You are rationalizing. But since the original posting implied that the plumber was saying that the valve had to be LOWERED to accomodate the spout, that made the answer that it was irrelevent germaine to the situation. The valve goes wherever it is convenient to use it, REGARDLESS of how high or low the spout is, even though it may be directly below the valve. Given that situation, the spout can also be relocated to any spot where it is suitable for the tub, even if the valve is positioned elsewhere for convenience. But the latter situation was neither suggested by the original question, nor advised by my answer.
First, please go back and read and take to heart my note about grinning smiley faces.
You are rationalizing.
I think you're using a word that you don't know the meaning of.
But since the original posting implied that the plumber was saying that the valve had to be LOWERED to accomodate the spout,
Where did she indicate the supply came from below? You made an assumption, and are demonstrating the well documented risks of doing so.
The valve goes wherever it is convenient to use it, REGARDLESS of how high or low the spout is, even though it may be directly below the valve.

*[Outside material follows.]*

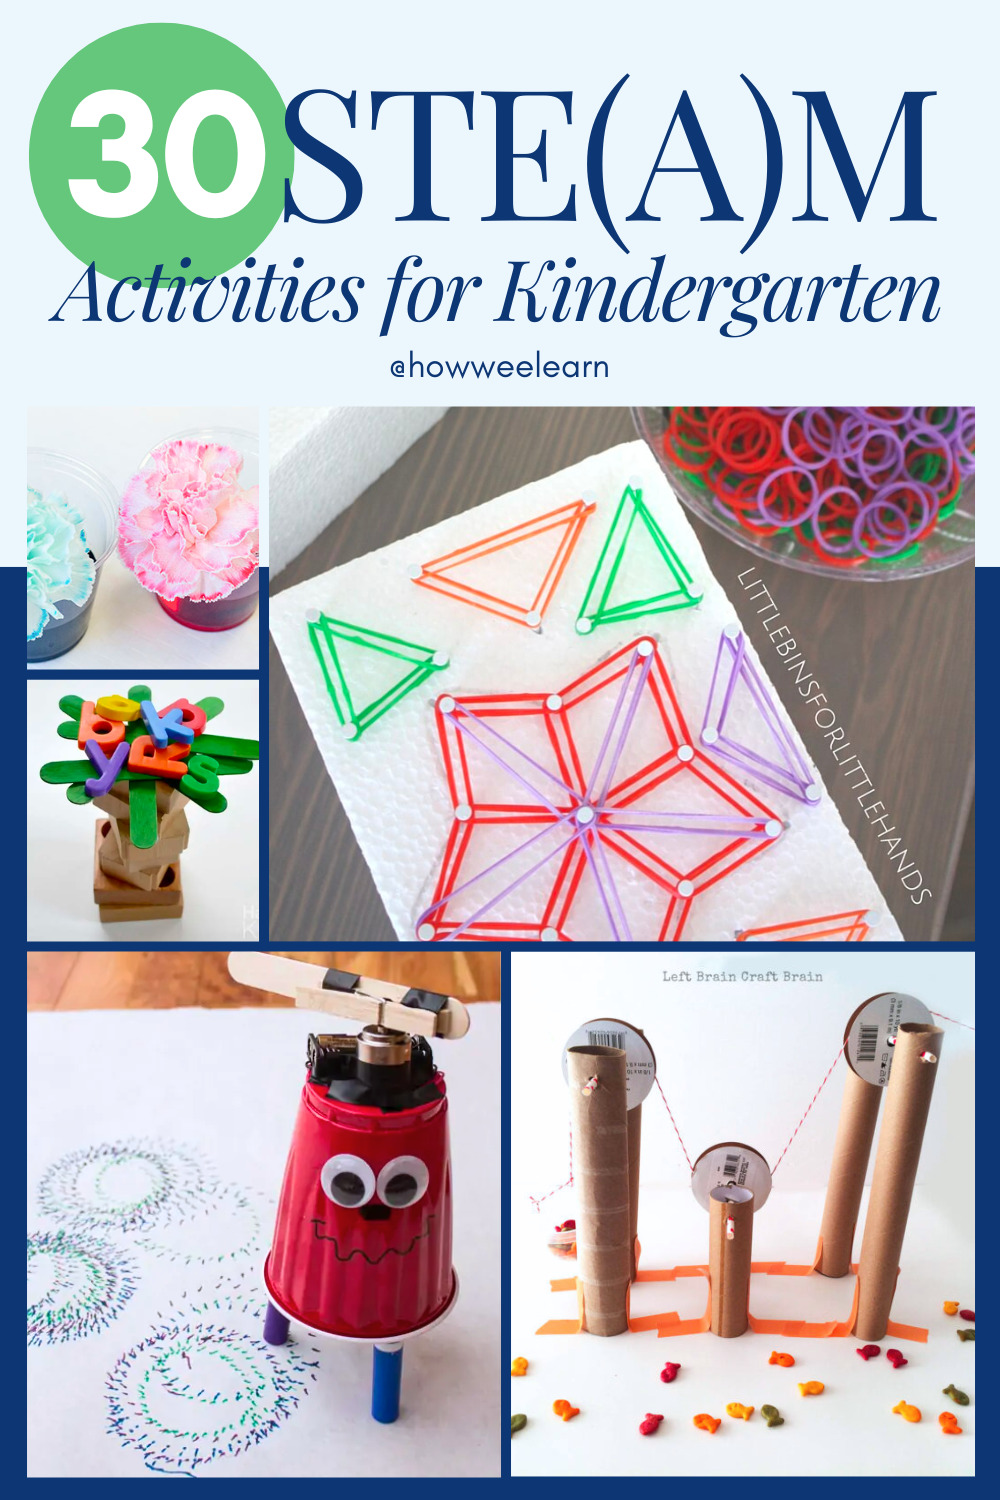 Adding STEM (science, technology, engineering, math) activities to your kindergarten (or any grade!) lesson plans is a great way to include hands-on learning fun into your week!

Real world: Like most other construction details, placement of valves/spouts is a compromise between user convenience and installer convenience (and the buyer's willingness to pay for the installer's inconvenience), with some technical limits thrown in.
There's a risk to sweeping generalizations like "anywhere", "always" or "never".
There's also a risk (to health) of taking everything as seriously as a heart attack, ignoring clear signs of levity to do so!
If the problem is interference between the trim ring and spout because the original valve and spout are too close together, then moving the valve is going to necessitate more tile work than putting the valve in the original location and lowering the spout. Obviously we are working blind and just guessing WHY he said the lines had to be modified.
08-18-2009, 10:25 AM
My question is related to this. I have a three handle tub/shower fixture that I want to replace with a pressure balanced shower with a diverter. The three handles sit about 7 inches above the tub and above the tub faucet. If I have a pressure balanced shower control installed at a convenient point for when standing in the tub, what do I use to cover the three holes that will be left from the old system and do I risk tiles being cracked when drilling the new hole?
Also, if I have to remove the tub faucet to replace it with one with a diverter, is there likely to be significant damage to the tiles?
I understand that I can install a new three handle fixture (because there was already one there). This is a rental house so maybe that's my best option (and cheaper), but temperature control is really the issue.
Thanks for any advice you can give.
08-18-2009, 12:45 PM
This Old House did a show on exactly this, and you may be able to watch it on their site. You can get a remodel plate that will cover the bigger hole. Only gotcha is it is fairly big...you may need to verify you'll still have room to mount the tub spout.
Typically, you can remove the spout without damaging the tile. They come in two general types: screw-on, and slide-on. If there is a set screw on the bottom, loosen it and pull it off. If it is solid, then it is screwed on...stick a screw driver handle in the spout and unscrew. You'll need to cut any caulk first, or it will be hard or impossible to take off.